▸ **AVAILABLE DATA**:
--
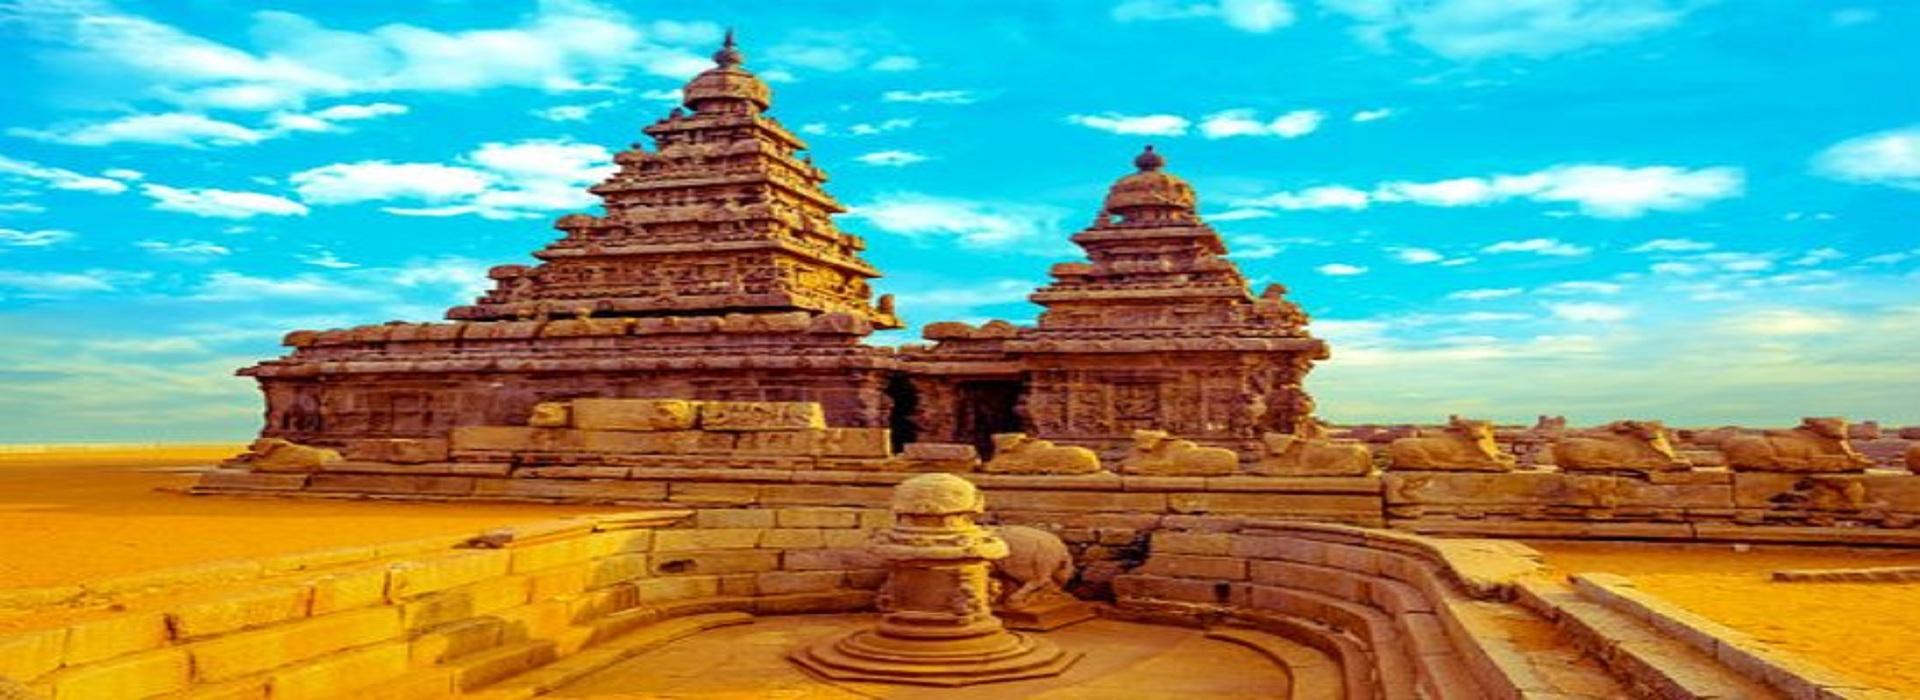 Explore Chennai Tours & Activities
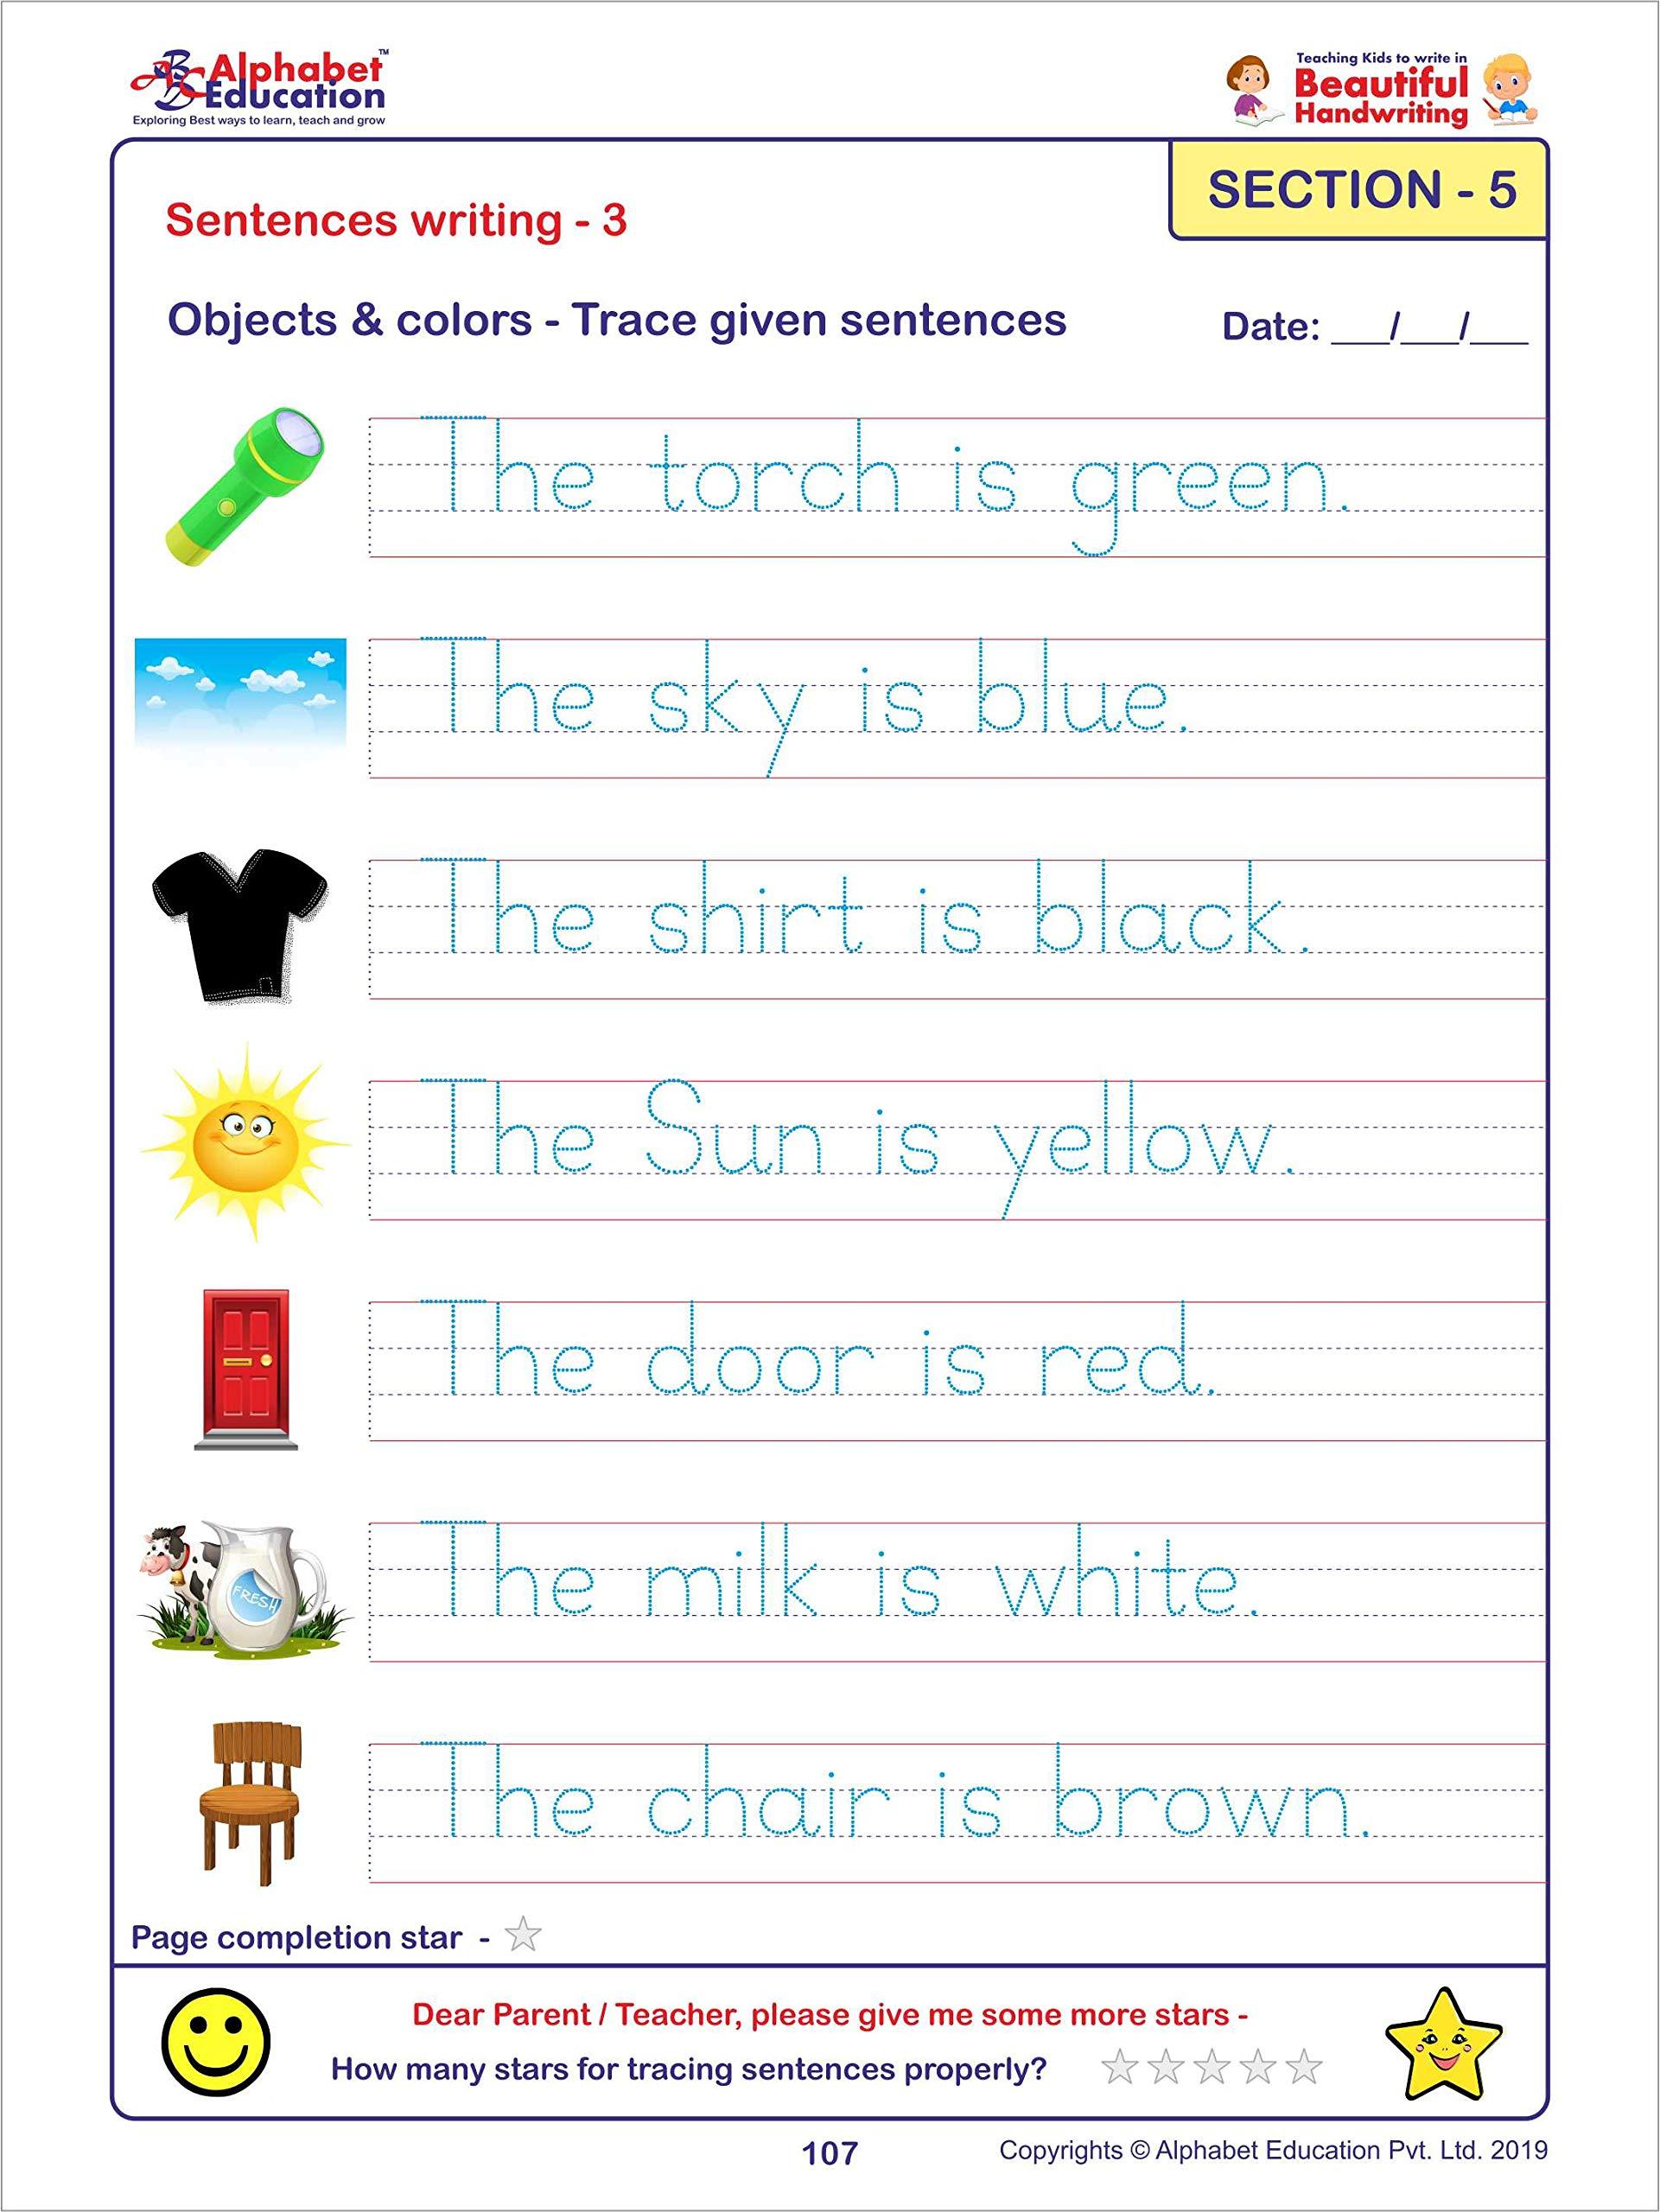 Buy Teaching Kids To Write In Beautiful Handwriting Book
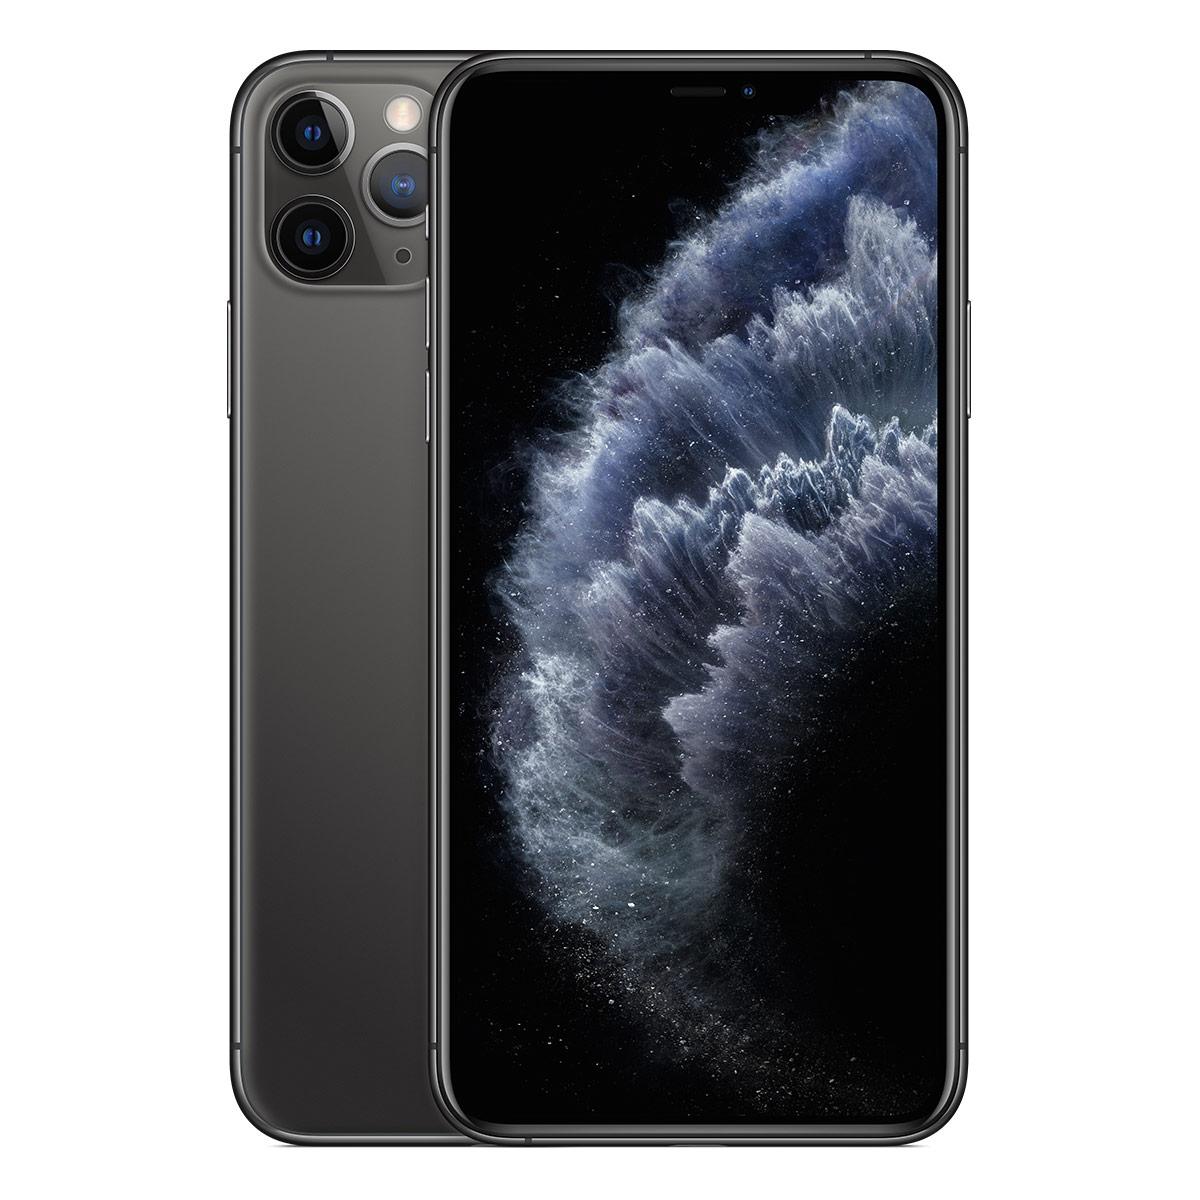 Apple iPhone 11 Pro Max 512GB Space Grey - Unlocked
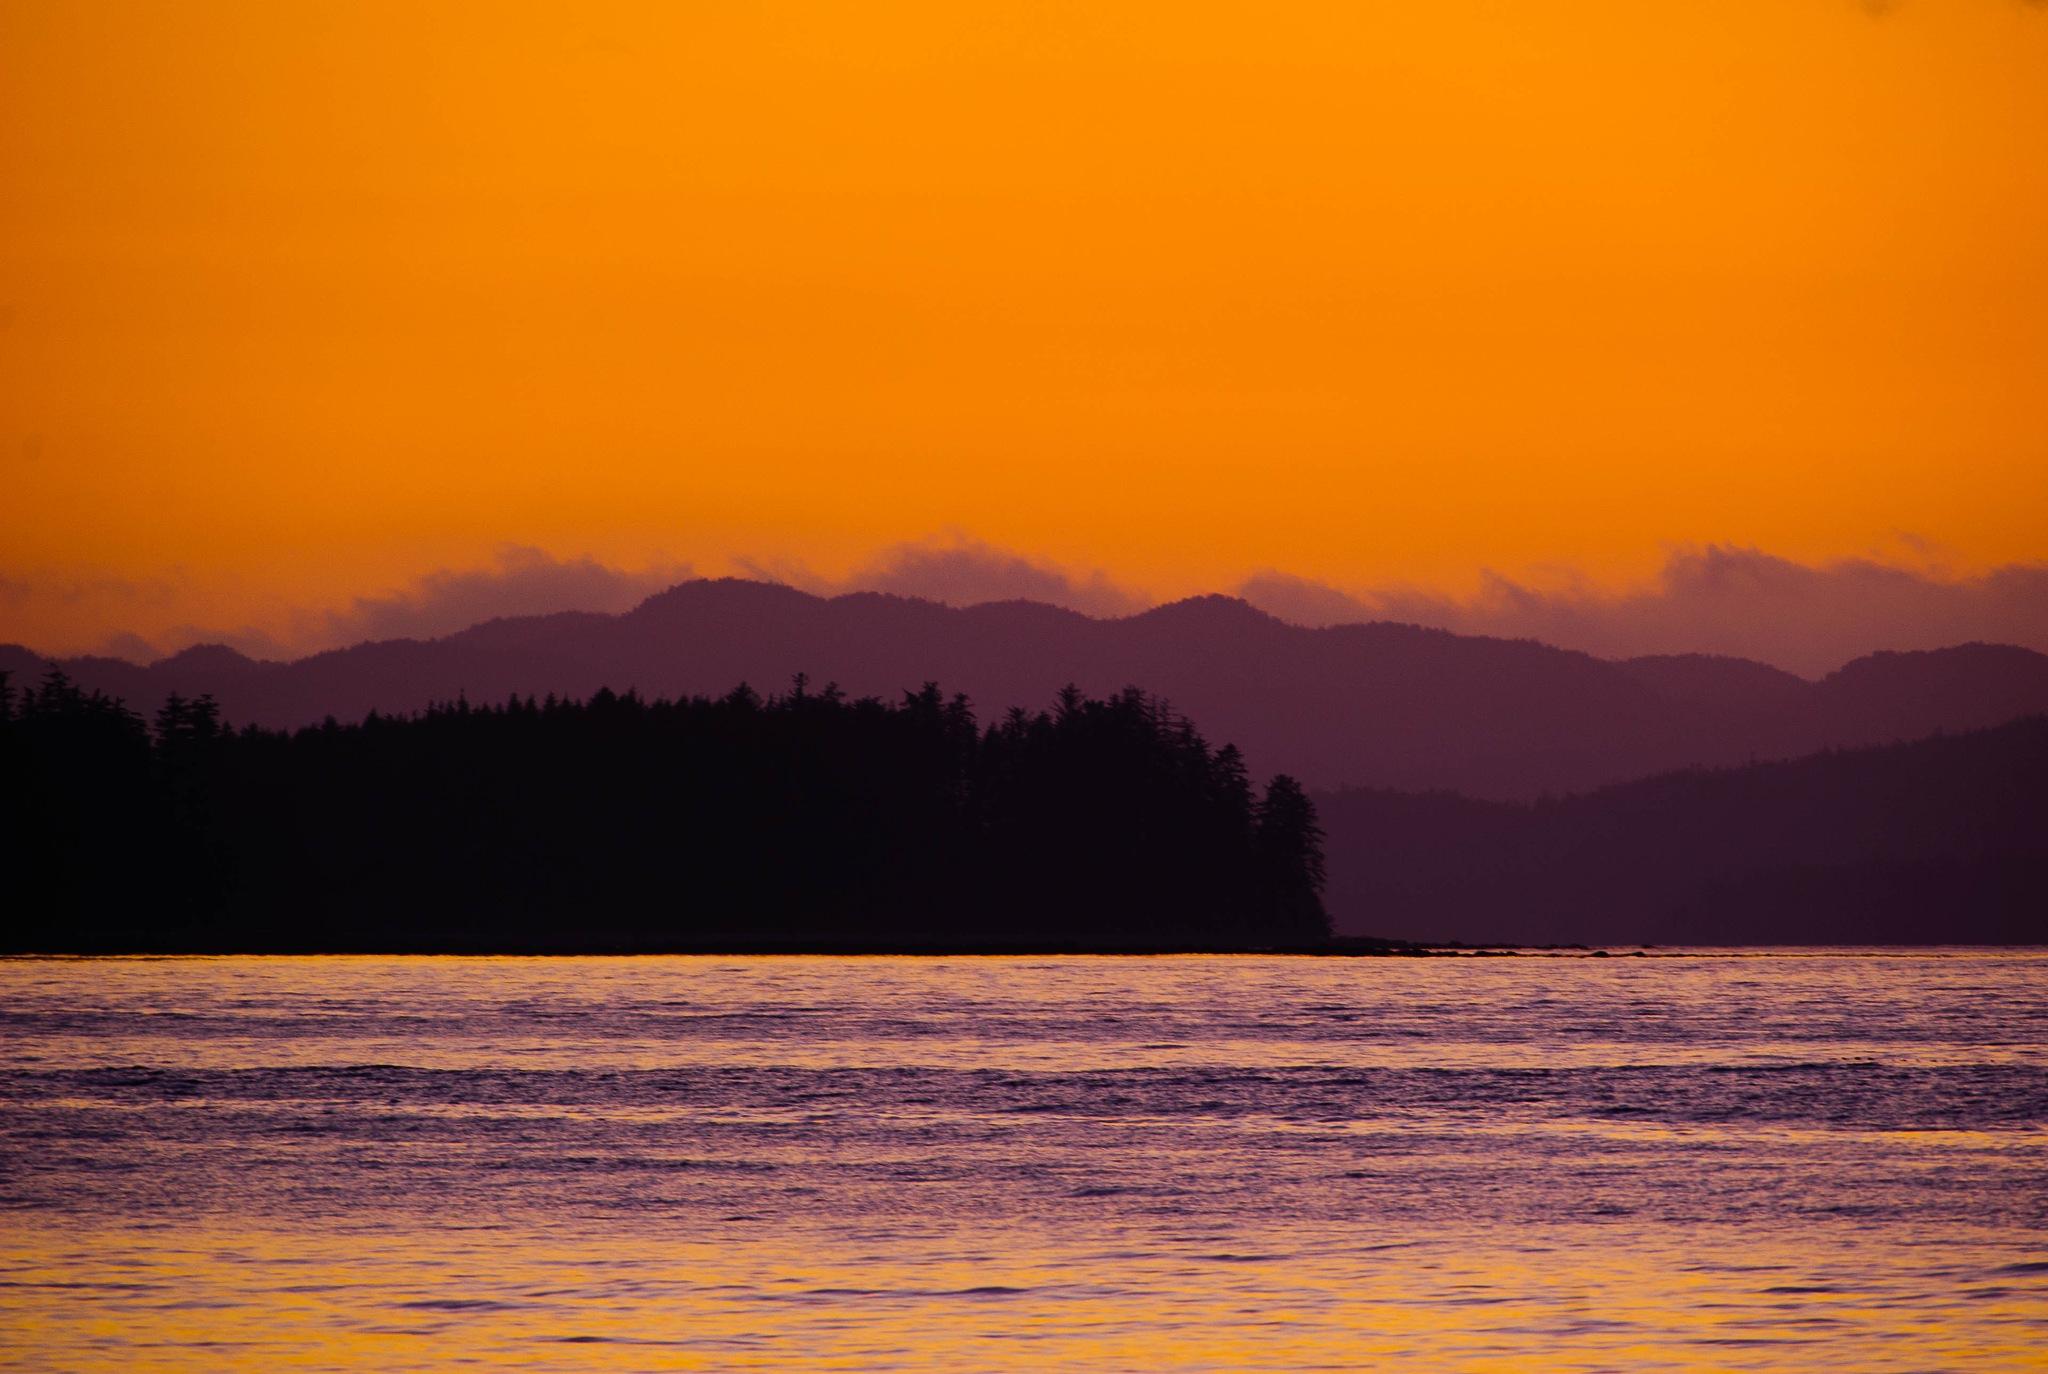 dusk on Vancouver Island Canada by jkirkphotography.com
--
▸ **EXERCISE OBJECTIVE**: Images stay out, but the rest of the data above must be repeated exactly.

▸ **REPLY TO THE TASK**:
 Explore Chennai Tours & Activities
 Buy Teaching Kids To Write In Beautiful Handwriting Book
 Apple iPhone 11 Pro Max 512GB Space Grey - Unlocked
 dusk on Vancouver Island Canada by jkirkphotography.com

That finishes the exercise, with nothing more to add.